Естественно, что Данилевского более, чем кого-либо из других гимназистов, должно было интересовать «золотое яичко», которое готовилось Гоголем «имениннику». По живости своего нрава, в противоположность флегматику Гоголю, охотно участвуя не только во всех играх, но и в школьнических проделках товарищей, Данилевский относился более критически к скрытым затеям своего друга, нередко, как сказано, выходившим за пределы невинной шутки, и не раз уже выручал проказника-тихоню от заслуженного наказания. Сегодня он также нашел нужным не упускать его из виду и стал издали наблюдать за ним. Гоголь, очевидно, решился немедля привести свой таинственный план в исполнение. Пройдя в «музей», он открыл там свой шкафчик (у каждого пансионера имелся в «музее» свой собственный шкафчик вышиной в полтора аршина, окрашенный белой краской), достал оттуда два листа рисовальной бумаги и скляночку гуммиарабика, присел к своему столу и стал склеивать листы краями.
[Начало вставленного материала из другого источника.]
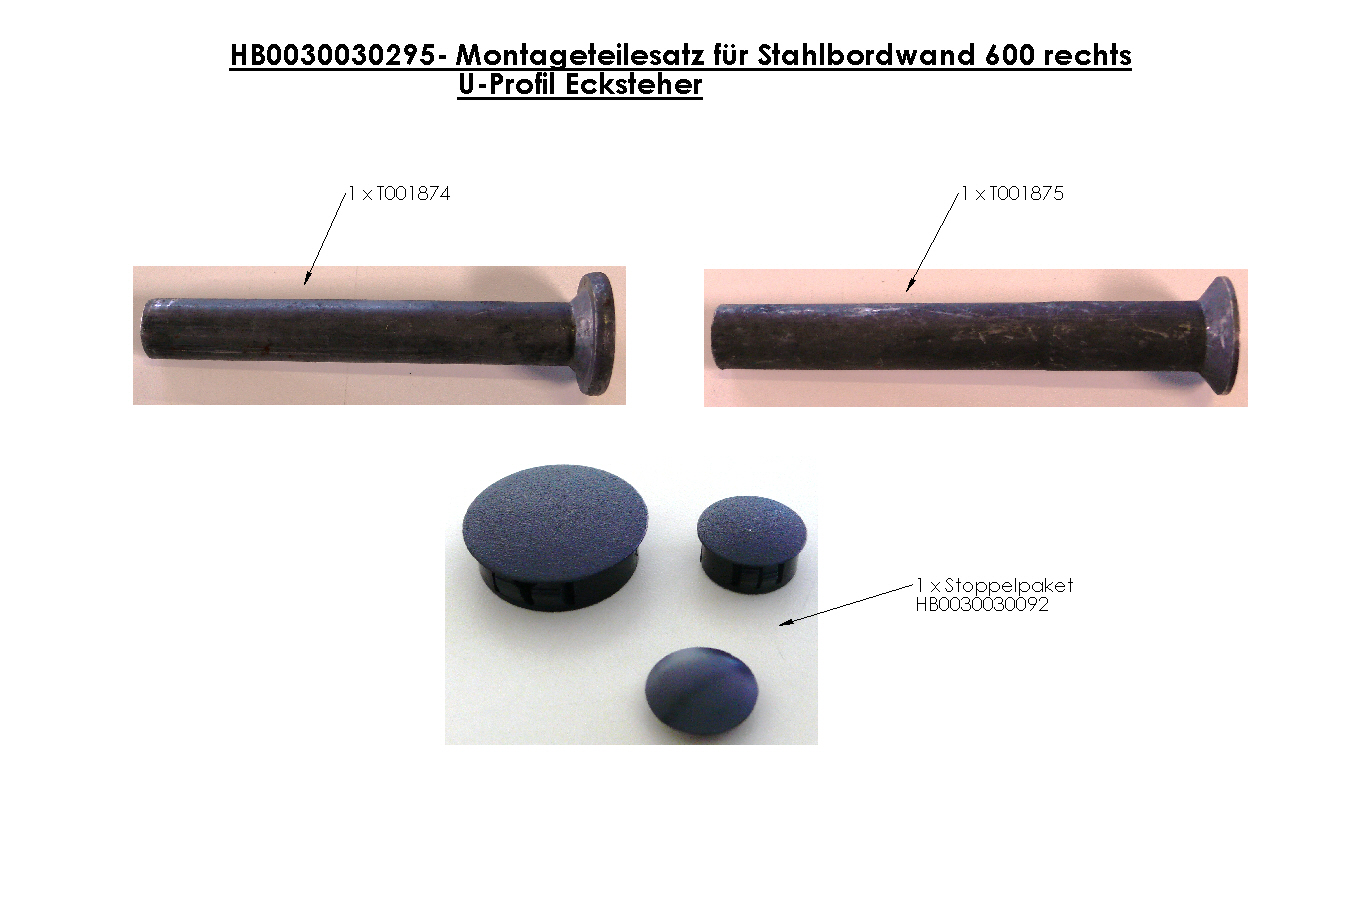 Brantner Kipper und Anhänger - assembly kit for steel sideboard wall 600 right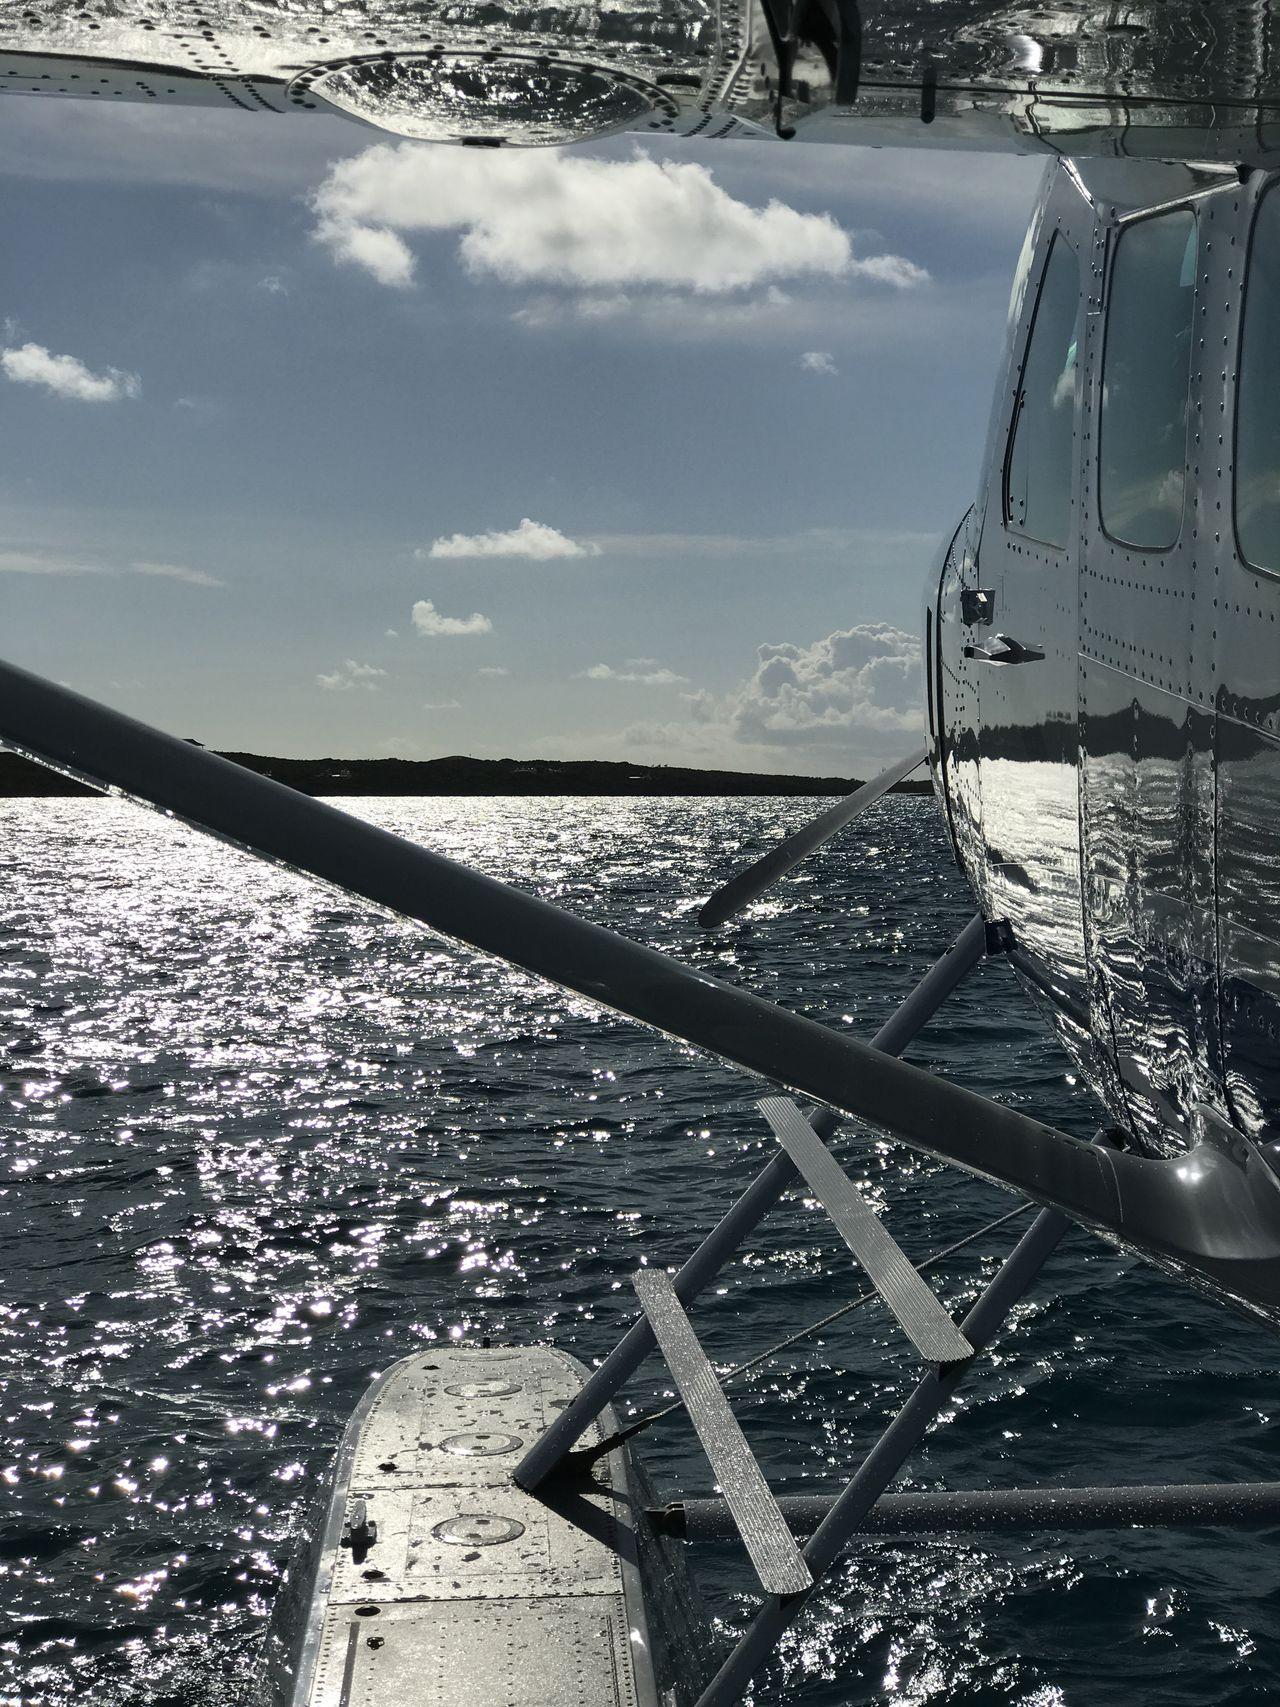 Seaplane reflections 45201 Bahamas Reflection Seaplane Airplane Aircraft Cessna Caravan Cessna Aviation Ocean Exuma Cays Exuma Outdoors Water Travel Maritime

«Гм, значит, карикатуру опять намалюет», – сообразил Данилевский.

Но друг его свернул уже свой двойной лист трубкой и вышел обратно в коридор, а оттуда на лестницу, чтобы подняться на третий этаж, где находились спальни. Войдя в спальню своего – «среднего» – возраста (воспитанники делились на три возраста), он воззвал нараспев:

Ой, Семене, Семене, Ходи, серце, до мене!

На зов его, как по щучьему велению, тотчас показался с другого конца спальни дядька Симон.

Симон был специальным дядькой Гоголя. В первое время по открытии Нежинской гимназии, учебное начальство было в большом затруднении приискать достаточное число надежной прислуги и потому не препятствовало воспитанникам иметь при себе дядек из своих крепостных людей. Так и старик Симон, состоявший до тех пор дворовым поваром в Васильевке, попал в Нежин дядькой к своему панычу. К новым обязанностям своим он отнесся со всею беззаветной преданностью, какой в те патриархальные времена отличались крепостные «хороших» господ, к числу каковых, бесспорно, принадлежали и родители Гоголя. В начале пребывания в Нежине, когда дичок-паныч сильно тосковал еще по родному дому и, ложась спать, всякий раз, бывало, заливался слезами, Симон целые ночи напролет просиживал на табурете у изголовья плачущего и шепотом урезонивал безутешного, но обыкновенно достигал своей цели только при помощи припасенной на всякий случай «бонбошки». Понемногу мальчик, правда, обжился в чужой обстановке; но Симон, это единственное наличное звено, связывавшее с родительским домом, был ему по-прежнему «свой человек», которому без оглядки можно было доверять самые конфиденциальные поручения.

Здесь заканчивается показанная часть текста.